I could not find any methods for reading bytes from editor contents,
so I made very simple patch in read() method.

It's just an example. It's not good code. I didn't care the performance and errors, but
it's working for me, unexpected error stripe and wrong coloring disappear.

Could you please check the patch and think the better and reasonable fix?

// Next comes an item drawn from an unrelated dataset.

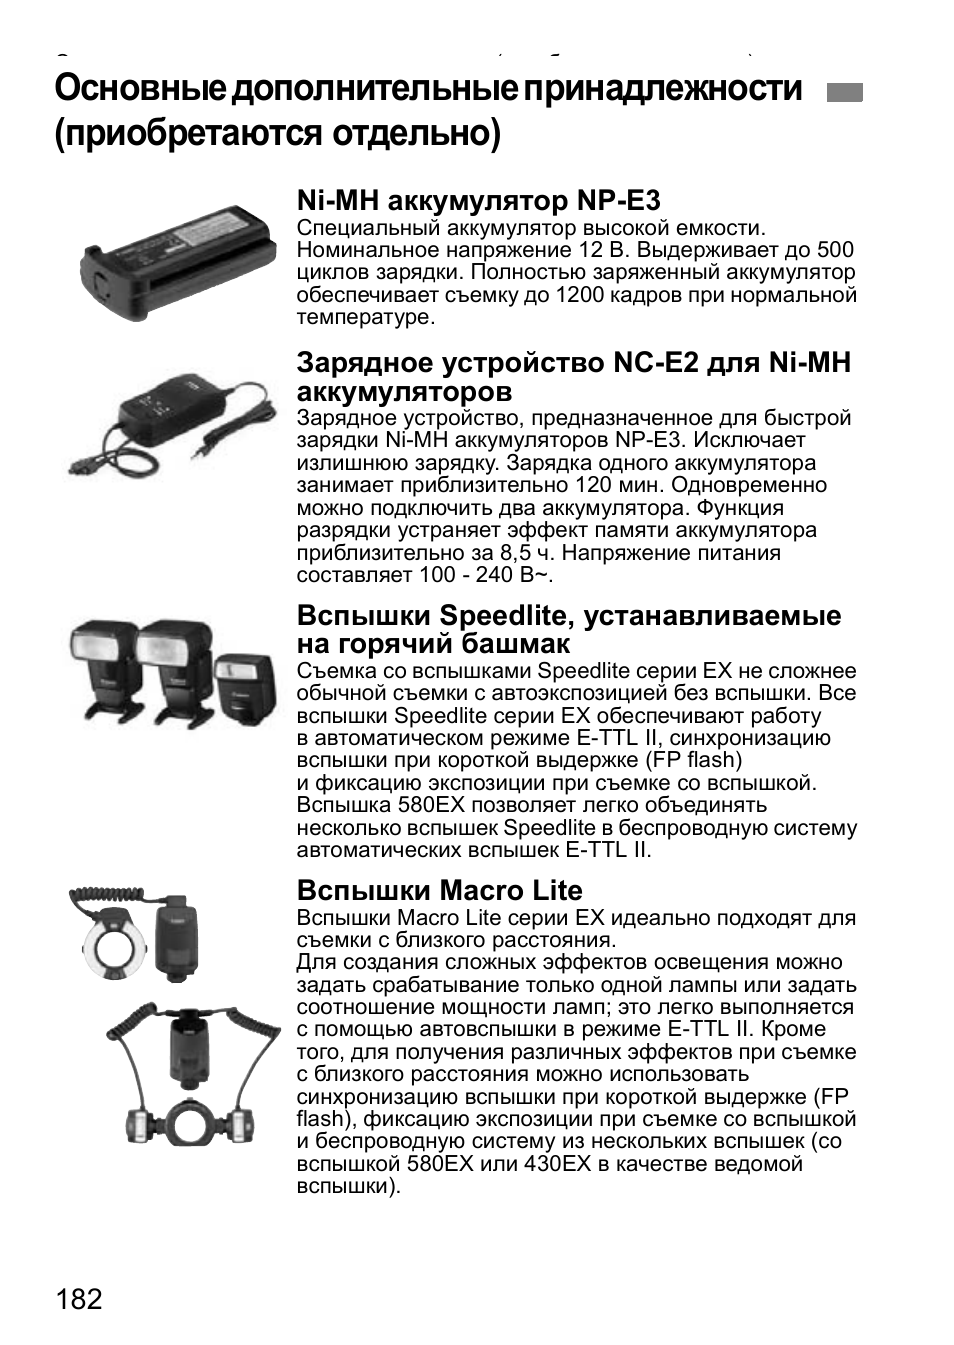 Ni-mh аккумулятор np-e3, Зарядное устройство nc-e2 для ni-mh аккумуляторов, Вспышки macro lite | Инструкция по эксплуатации Canon EOS 1D Mark II N | Страница 182 / 196

Comment 13 Masaki Katakai 2009-03-09 04:01:09 UTC

Created attachment 77890 [details]
patch for returning a byte by read() of LexerInputStream

Comment 14 Adam Sotona 2009-03-09 10:31:21 UTC

The proposed patch contains a bug - whenever Lexer reaches EOF the rest of the "si" queue is not returned.
Also using ArrayList.remove(0) for the queue implementation is a performance issue.
I'll check for the possible fix.

Comment 15 Adam Sotona 2009-03-09 12:02:51 UTC

Created attachment 77900 [details]
this patch should work better

Comment 16 Adam Sotona 2009-03-09 12:03:30 UTC

fixed

Comment 17 Masaki Katakai 2009-03-09 14:25:13 UTC

Great! Thank you for fixing! I built it locally and tried on Windows and Mac. It works for now, performance is also
really better than mine.

Comment 18 Masaki Katakai 2009-03-23 13:53:10 UTC

On my environment, it's now working fine.